Pas hari H, jam 4-an pagi kita sekeluarga udah berangkat menuju Alam Sutera, Serpong. Kami disambut hujan yang cukup lebat. Setelah dapat parkir di basement mall Living World, kita sholat Subuh di mushola kecil di parkiran karena ikutan peserta lain. Padahal ada Executive Mushola  juga di lantai yang sama, yang lebih bersih dan nyaman. Ya sutra lah, namanya juga ngga tau karena ngga pernah ke mall tsb.

Race sempat ditunda sekitar 10-15 menit untuk menunggu peserta lainnya yang sempat terjebak hujan di perjalanan sekalian panitianya berusaha mengeringkan sebagian jalur awal supaya ngga licin. Akhirnya race 10K yang diikuti sekitar 2500an peserta dimulai jam 06.15. Kondisi sehabis hujan ternyata membawa berkah: udara lebih segar dan nggak terlalu panas.

Saya yang emang udah bawaannya lambat plus niat ngga pake jalan, ngambil posisi mojok aja di sisi kiri supaya ngga ngalangin jalan orang lain. Tapi lama-lama ngga enak juga ternyata, pandangan saya jadi kealingan orang di depan. Padahal saya seneng banget liat-liat pemandangan kompleks Alam Sutera yang rapi. Walhasil saya ambil jalur di tengah-tengah, orang yang mau nyalip bisa lari dari kiri atau kanan saya hehehe.

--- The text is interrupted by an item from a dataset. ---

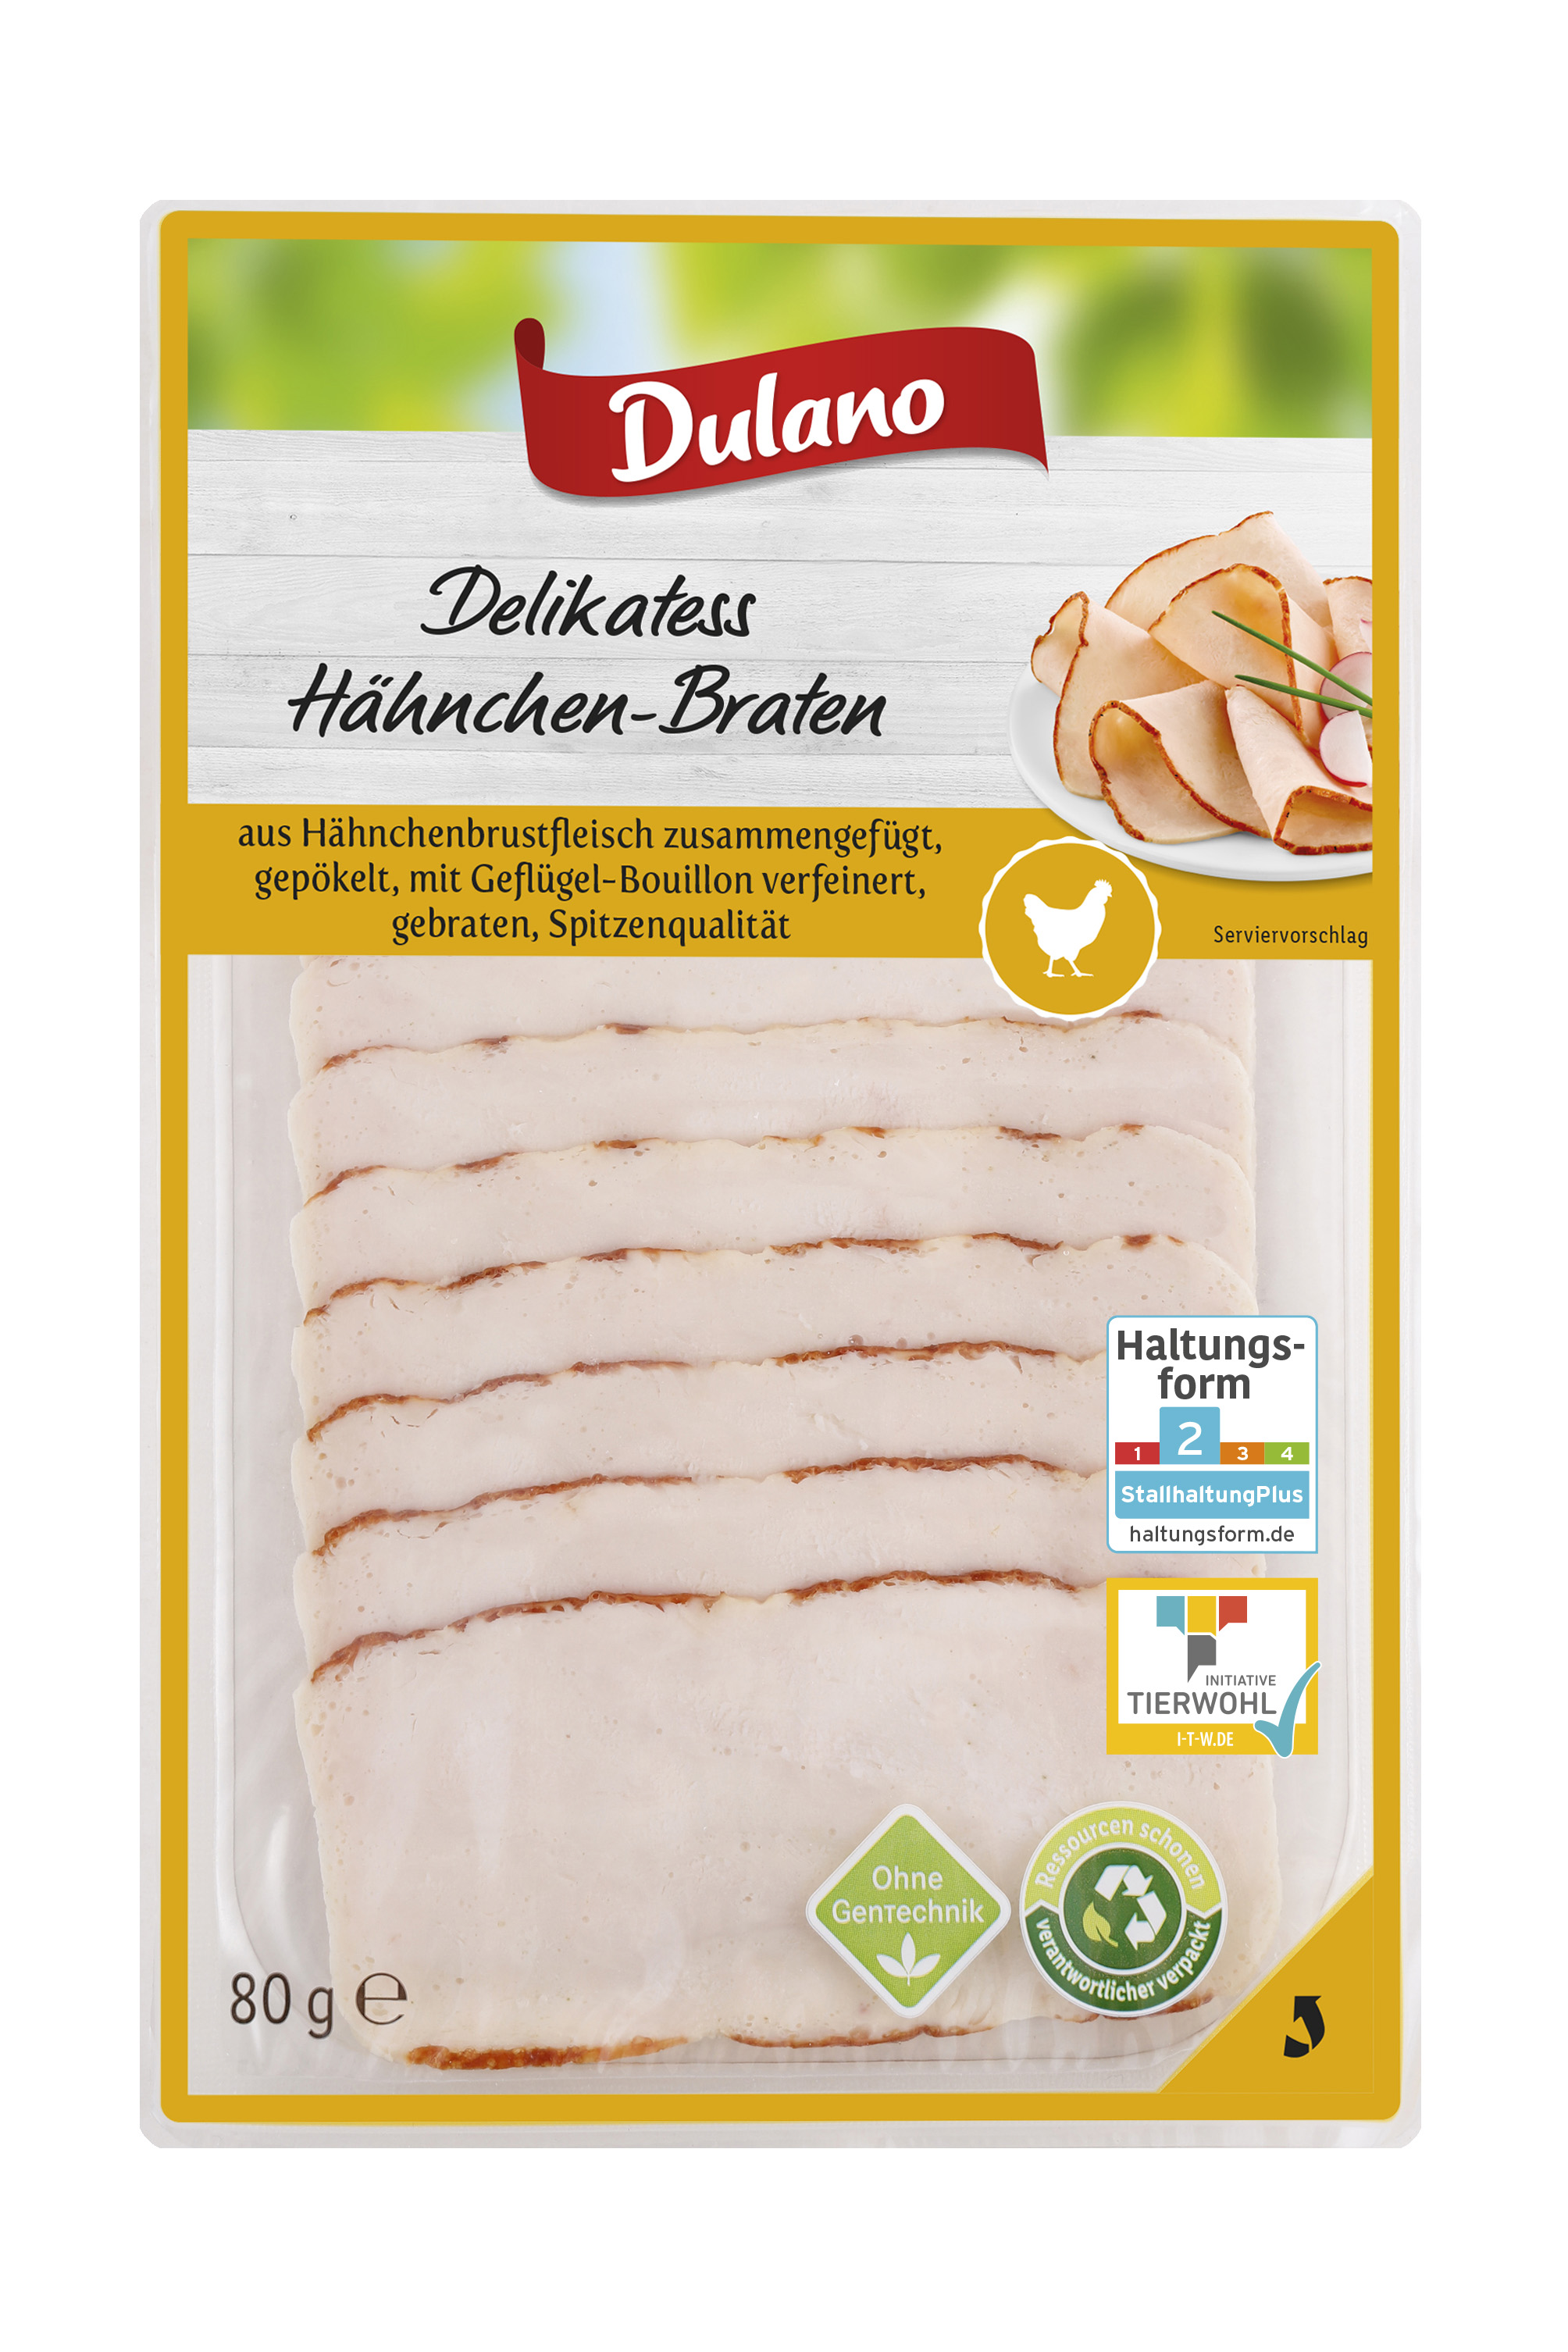 Dulano (Lidl) · Hähnchenbraten Mühlen · zur Food Prepared/Processed / - (80 Gruppe Meat/Poultry/Sausages Markenvertriebs Meat/Poultry - Sausages GmbH / grams) Chicken Sausages Beverage Prepared/Processed mynetfair Tobacco

Water station (WS) menyediakan air mineral dan Pocari setiap 1,5 km. Biasanya kan di race lain minimal setiap 2,5 km. Wah hebat deh...namanya aja POCARI RUN, kita ngga bakal dehidrasi deh. Saya bawa botol minum sendiri dan baru berhenti di WS untuk isi ulang Pocari di KM7,5 dan minum.
Satu-satunya penampakan di Pocari Sweat Run 2014

Alhamdulillah, saya bisa finish urutan 1.838 dari 2.235 peserta 10K closed (hanya WNI) sesuai dengan target untuk tidak berjalan, kecuali minum beberapa detik. Catatan waktu chip 1 jam 30 menit. Saya udah pasrah, pasti ngga ada foto saya waktu finish karena biasanya fotografer race-nya udah bosen nungguin. Kelamaan sih... hahaha. Saya liat di photo gallery peserta yang difoto dengan tampang puas di finish line adalah yang finish time 10K-nya di bawah 1 jam (ada Rio Febrian juga lhoooo....*kedip-kedip*). Setelah finish, peserta mendapatkan medali finisher dan handuk dari Pocari (lagi-lagi warna biru). Senangnyaa....
 

Foto diambil dari website Pocari Sweat Run
Kombinasi antara cuaca yang bagus, hidrasi berlimpah, penyelenggaraan yang oke, jalur yang rata dan post-race entitlement yang menghibur itu menunjukkan kesuksesan Pocari Run di tahun 2014. All and all, kita sekeluarga happy deh.
Sekali keluar rumah, 2-3 acara dilakoni rombongan sirkus: lari, nengok keluarga di Tangerang, dan belanja bulanan.